Сам автор под конец книги приводит существенно более серьёзную критику евгеники, ну а мне кажется, что всё можно сформулировать существенно проще: мы не хотим этого, потому что нам страшно. Страшно ошибиться. Страшно что-то поломать. Отобрать слишком узко — и получить слишком однородное общество. Отфильтровать что-то, что потом могло бы пригодиться, а его уже нет. Слишком сложная система, чтобы мы могли хотя бы в общих чертах предсказать последствия массовых вмешательств такого рода.
Во время обсуждения А. переформулировала похоже: стремление общества к разнообразию / осознание ценности разнообразия даёт этому обществу какую-то минимальную защиту от геноцида сотоварищи. Собственно, это очень хорошая формулировка того, почему я предпочитаю ходить на гейпарады, почему мне симпатичен указ о свободе вероисповедания Генриха IV и т.п. — потому что даже если они защищают не лично меня, они защищают саму идею, что нельзя убивать просто за то, что ты отличаешься. А в идеале так и вообще, ценить всякое отличие.
А ещё, критика евгеники часто сводится к эмоциям. Ну как же так? Представь себе, отбирали бы только здоровых и красивых [здесь неявно подразумевается «а ты — больной и некрасивый»] — лично тебя бы не отобрали, лично тебя бы не было! Этот аргумент вообще убивает любую дискуссию, потому что очень сложно рассуждать о благе для человечества, не отвлекаясь на личные интересы. В каких-то случаях мы не то чтобы научились это делать, мы привыкли к существующему порядку (представь себе наказание за убийство [здесь неявно подразумевается «а ты — убийца»] — лично тебя казнят, лично тебя посадят!), но в большинстве случаев первая реакция: нет, спасибо.

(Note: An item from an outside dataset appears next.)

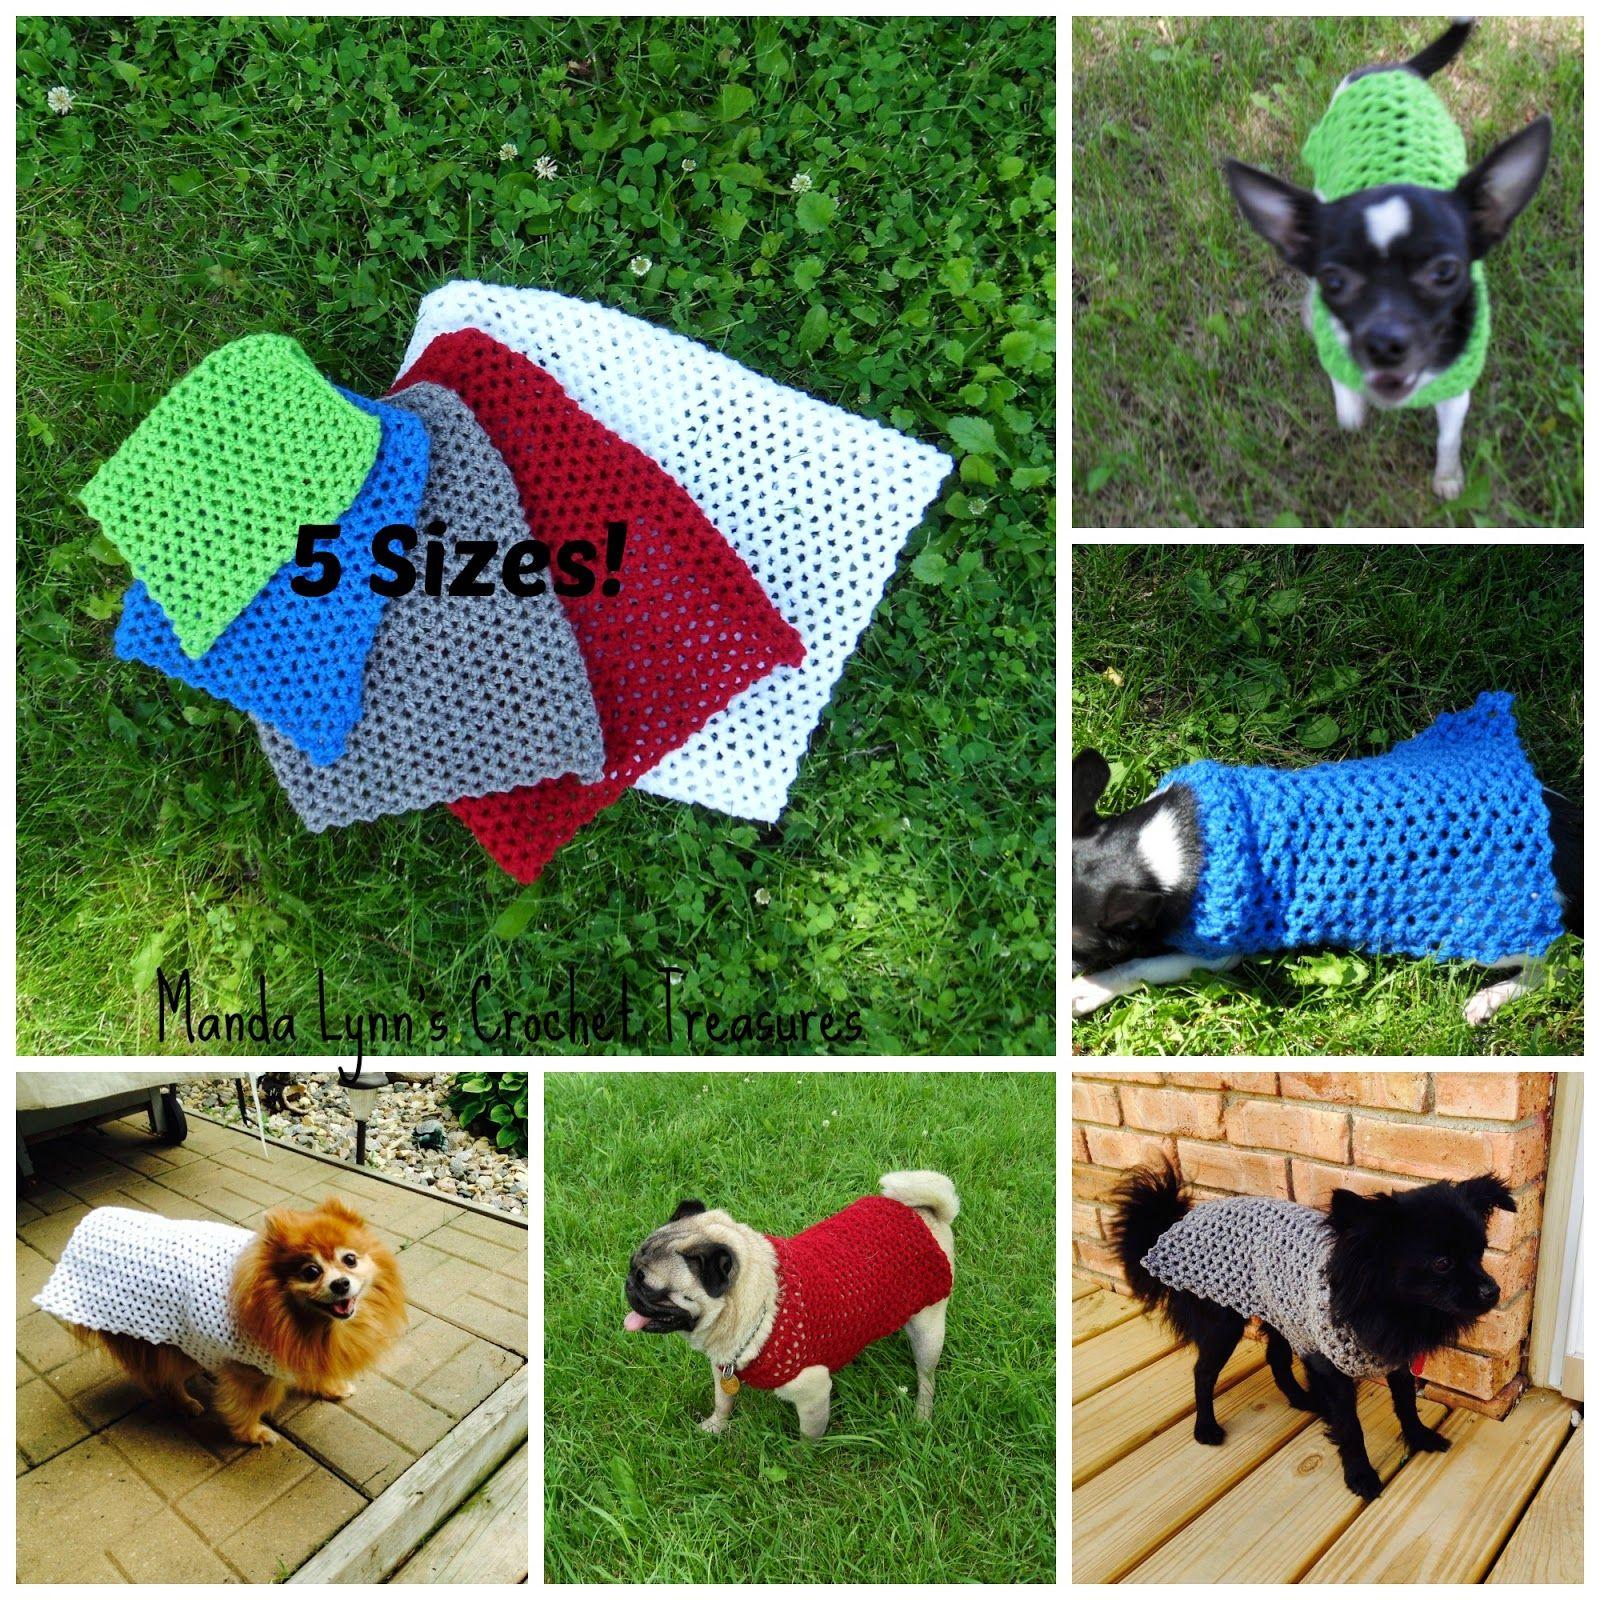 MandaLynn\'s Crochet Treasures : Crochet Any Occasion Dog Sweater 5 ...

Собственно, за это мне когда-то понравился роман Хейли «Новости» (там террористы похищают семью журналиста, последовательно выступавшего против любых переговоров с террористами), потому что он не про этику журналиста, он не про терроризм. Он про то, как жить, когда твои идеалы для общества расходятся с тем, как можешь жить лично ты.
Очень много о практической евгенике. И снова, не только «фашисты и Менгеле». Про Германию пишет, что там расовую чистку запустили ещё в 1912 году. Но ещё больше пишет про Америку, где аналогичный проект был существенно серьёзнее и прагматичнее: колонии для генетически неполноценных, проект стерилизации для генетически дефектных и т.п. Несколькими главами позже описывает принятый в США закон о стерилизации, а также пример его применения.
В этом же контексте упоминает Тарзана. Как апологию евгенике: смотрите, как сильно влияние генов! Даже воспитанный какими-то обезьянами джентльмен остаётся джентльменом!